***** Records provided

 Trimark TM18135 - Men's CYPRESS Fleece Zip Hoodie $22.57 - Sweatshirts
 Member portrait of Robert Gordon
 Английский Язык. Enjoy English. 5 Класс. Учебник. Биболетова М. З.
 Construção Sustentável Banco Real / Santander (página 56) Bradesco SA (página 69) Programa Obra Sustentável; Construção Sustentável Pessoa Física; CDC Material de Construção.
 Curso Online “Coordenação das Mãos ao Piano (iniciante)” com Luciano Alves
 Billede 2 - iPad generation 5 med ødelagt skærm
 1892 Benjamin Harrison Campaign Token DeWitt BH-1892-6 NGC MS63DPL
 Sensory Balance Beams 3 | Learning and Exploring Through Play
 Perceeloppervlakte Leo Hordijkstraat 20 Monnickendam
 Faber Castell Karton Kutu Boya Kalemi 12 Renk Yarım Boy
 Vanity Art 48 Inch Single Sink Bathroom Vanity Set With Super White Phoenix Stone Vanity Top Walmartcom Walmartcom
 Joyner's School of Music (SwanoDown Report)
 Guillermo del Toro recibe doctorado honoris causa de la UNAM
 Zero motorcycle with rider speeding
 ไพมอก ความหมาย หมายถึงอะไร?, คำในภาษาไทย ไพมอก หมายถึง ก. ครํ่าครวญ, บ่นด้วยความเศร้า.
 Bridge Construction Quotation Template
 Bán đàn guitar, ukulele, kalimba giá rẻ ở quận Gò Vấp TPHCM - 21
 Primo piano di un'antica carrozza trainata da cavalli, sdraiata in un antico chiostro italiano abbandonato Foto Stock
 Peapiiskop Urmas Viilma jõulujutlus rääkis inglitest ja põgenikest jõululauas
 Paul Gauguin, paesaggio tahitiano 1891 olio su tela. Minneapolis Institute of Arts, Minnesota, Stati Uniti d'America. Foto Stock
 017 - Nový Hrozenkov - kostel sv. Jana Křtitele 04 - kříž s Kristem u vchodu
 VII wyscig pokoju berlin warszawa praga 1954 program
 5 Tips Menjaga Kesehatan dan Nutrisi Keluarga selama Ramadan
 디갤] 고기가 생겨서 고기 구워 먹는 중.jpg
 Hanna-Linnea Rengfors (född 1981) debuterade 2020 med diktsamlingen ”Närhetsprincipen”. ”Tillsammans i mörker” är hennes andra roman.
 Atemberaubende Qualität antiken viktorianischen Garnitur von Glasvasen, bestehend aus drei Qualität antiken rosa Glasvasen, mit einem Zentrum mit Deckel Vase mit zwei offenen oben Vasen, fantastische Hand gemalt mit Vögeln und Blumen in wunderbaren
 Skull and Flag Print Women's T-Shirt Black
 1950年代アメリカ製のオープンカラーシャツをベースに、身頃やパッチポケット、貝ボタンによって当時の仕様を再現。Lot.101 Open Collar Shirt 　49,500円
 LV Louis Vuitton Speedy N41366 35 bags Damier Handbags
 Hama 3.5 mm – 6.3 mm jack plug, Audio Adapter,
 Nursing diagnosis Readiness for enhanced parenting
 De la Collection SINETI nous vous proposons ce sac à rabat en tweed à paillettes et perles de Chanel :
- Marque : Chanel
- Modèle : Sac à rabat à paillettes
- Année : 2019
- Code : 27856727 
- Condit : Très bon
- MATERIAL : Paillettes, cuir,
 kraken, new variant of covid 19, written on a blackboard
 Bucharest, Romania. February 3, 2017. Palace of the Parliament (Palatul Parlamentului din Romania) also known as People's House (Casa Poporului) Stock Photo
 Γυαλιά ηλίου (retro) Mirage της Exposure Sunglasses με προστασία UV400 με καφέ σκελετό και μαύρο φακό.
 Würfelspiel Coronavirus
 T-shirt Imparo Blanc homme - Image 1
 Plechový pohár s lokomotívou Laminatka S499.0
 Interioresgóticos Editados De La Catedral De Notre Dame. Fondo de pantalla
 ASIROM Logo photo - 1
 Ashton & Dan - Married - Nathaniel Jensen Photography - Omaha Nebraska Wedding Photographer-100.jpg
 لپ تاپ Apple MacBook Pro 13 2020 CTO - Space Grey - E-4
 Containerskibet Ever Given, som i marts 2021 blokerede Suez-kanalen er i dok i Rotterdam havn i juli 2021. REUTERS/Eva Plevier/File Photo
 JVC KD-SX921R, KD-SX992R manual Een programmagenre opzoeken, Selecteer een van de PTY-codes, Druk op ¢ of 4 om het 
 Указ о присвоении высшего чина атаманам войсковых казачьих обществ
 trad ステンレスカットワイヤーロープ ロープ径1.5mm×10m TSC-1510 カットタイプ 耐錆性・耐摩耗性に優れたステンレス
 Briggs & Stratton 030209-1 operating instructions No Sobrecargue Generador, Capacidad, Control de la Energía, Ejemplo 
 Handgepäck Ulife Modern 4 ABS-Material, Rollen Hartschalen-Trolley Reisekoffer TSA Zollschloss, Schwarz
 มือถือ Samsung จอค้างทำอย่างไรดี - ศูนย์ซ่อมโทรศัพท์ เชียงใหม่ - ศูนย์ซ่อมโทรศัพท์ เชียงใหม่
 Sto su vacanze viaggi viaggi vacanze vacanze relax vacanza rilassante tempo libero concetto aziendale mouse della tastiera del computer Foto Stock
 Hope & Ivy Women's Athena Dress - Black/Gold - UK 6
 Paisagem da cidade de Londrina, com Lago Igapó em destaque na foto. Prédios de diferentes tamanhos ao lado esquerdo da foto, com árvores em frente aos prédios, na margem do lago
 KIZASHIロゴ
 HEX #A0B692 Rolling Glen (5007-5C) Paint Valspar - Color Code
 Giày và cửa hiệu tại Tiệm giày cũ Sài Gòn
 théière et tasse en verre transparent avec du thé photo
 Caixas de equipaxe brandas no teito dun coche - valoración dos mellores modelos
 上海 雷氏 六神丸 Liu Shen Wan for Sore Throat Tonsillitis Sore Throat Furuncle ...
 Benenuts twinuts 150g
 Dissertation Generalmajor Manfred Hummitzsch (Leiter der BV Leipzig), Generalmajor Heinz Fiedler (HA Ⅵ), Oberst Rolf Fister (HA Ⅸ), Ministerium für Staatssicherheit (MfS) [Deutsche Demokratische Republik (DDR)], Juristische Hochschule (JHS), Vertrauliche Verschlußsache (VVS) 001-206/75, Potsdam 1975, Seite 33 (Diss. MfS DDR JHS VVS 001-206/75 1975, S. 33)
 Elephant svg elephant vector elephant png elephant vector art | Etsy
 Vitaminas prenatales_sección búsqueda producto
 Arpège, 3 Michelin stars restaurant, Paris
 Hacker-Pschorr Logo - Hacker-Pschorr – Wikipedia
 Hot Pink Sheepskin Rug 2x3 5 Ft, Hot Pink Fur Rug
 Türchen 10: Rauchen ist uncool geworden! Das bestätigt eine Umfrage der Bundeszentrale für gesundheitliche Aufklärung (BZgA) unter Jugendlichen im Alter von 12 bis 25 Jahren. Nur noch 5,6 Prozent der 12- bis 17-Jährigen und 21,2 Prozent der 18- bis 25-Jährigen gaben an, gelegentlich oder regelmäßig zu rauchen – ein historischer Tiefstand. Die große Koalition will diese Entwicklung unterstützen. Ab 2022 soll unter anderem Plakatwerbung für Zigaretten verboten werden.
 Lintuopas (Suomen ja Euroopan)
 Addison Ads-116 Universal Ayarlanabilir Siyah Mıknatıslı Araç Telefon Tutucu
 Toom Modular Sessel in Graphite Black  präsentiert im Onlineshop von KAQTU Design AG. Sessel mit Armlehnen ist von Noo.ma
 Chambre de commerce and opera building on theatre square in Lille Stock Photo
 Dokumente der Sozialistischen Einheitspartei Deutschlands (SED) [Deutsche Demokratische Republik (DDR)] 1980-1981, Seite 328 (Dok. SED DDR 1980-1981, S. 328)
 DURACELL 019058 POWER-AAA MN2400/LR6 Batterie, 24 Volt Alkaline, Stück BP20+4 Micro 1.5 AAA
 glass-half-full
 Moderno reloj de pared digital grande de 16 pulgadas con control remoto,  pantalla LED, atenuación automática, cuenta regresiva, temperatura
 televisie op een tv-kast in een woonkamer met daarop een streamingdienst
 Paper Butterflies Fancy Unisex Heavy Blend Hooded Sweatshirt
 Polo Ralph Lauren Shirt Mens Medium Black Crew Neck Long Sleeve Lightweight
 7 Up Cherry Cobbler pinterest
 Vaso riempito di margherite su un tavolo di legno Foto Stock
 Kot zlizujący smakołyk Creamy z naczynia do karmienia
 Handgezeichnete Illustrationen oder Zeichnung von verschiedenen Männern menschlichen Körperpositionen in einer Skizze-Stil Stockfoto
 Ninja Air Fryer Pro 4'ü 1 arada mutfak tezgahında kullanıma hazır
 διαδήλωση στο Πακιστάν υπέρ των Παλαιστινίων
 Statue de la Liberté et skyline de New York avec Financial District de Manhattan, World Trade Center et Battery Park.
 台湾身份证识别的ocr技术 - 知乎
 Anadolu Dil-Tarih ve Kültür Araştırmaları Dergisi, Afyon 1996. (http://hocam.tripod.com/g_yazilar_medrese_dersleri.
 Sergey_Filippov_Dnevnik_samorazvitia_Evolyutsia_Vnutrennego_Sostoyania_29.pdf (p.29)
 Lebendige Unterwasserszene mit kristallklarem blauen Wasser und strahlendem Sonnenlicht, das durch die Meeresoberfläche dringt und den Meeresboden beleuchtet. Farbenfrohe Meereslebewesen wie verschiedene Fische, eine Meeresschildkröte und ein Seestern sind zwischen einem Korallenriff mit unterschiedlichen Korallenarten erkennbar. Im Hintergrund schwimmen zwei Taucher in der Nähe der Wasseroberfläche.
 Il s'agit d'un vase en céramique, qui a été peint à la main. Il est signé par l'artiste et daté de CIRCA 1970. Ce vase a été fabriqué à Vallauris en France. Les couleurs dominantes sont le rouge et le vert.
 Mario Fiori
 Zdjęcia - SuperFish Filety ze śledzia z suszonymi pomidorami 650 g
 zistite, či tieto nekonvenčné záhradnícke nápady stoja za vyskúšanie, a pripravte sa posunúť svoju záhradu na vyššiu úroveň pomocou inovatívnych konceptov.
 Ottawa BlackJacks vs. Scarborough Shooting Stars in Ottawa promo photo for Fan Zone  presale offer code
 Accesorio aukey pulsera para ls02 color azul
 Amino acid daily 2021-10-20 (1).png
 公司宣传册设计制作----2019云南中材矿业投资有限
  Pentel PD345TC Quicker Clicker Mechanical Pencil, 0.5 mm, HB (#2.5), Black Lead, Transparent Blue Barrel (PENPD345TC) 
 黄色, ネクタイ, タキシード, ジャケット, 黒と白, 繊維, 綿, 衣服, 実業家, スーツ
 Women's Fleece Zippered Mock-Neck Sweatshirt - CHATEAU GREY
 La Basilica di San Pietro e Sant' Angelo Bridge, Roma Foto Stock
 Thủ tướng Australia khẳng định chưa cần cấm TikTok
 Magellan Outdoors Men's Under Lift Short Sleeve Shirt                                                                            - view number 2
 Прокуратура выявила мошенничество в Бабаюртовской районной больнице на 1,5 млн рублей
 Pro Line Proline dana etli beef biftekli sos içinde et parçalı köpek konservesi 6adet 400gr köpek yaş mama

**********

● Work to complete:
The reply should hold only the lines of the listing above starting at the line containing "มือถือ Samsung จอค้างทำอย่างไรดี" and ending at the line containing "上海 雷氏 六神丸 Liu", exactly as written.

● Task result:
 มือถือ Samsung จอค้างทำอย่างไรดี - ศูนย์ซ่อมโทรศัพท์ เชียงใหม่ - ศูนย์ซ่อมโทรศัพท์ เชียงใหม่
 Sto su vacanze viaggi viaggi vacanze vacanze relax vacanza rilassante tempo libero concetto aziendale mouse della tastiera del computer Foto Stock
 Hope & Ivy Women's Athena Dress - Black/Gold - UK 6
 Paisagem da cidade de Londrina, com Lago Igapó em destaque na foto. Prédios de diferentes tamanhos ao lado esquerdo da foto, com árvores em frente aos prédios, na margem do lago
 KIZASHIロゴ
 HEX #A0B692 Rolling Glen (5007-5C) Paint Valspar - Color Code
 Giày và cửa hiệu tại Tiệm giày cũ Sài Gòn
 théière et tasse en verre transparent avec du thé photo
 Caixas de equipaxe brandas no teito dun coche - valoración dos mellores modelos
 上海 雷氏 六神丸 Liu Shen Wan for Sore Throat Tonsillitis Sore Throat Furuncle ...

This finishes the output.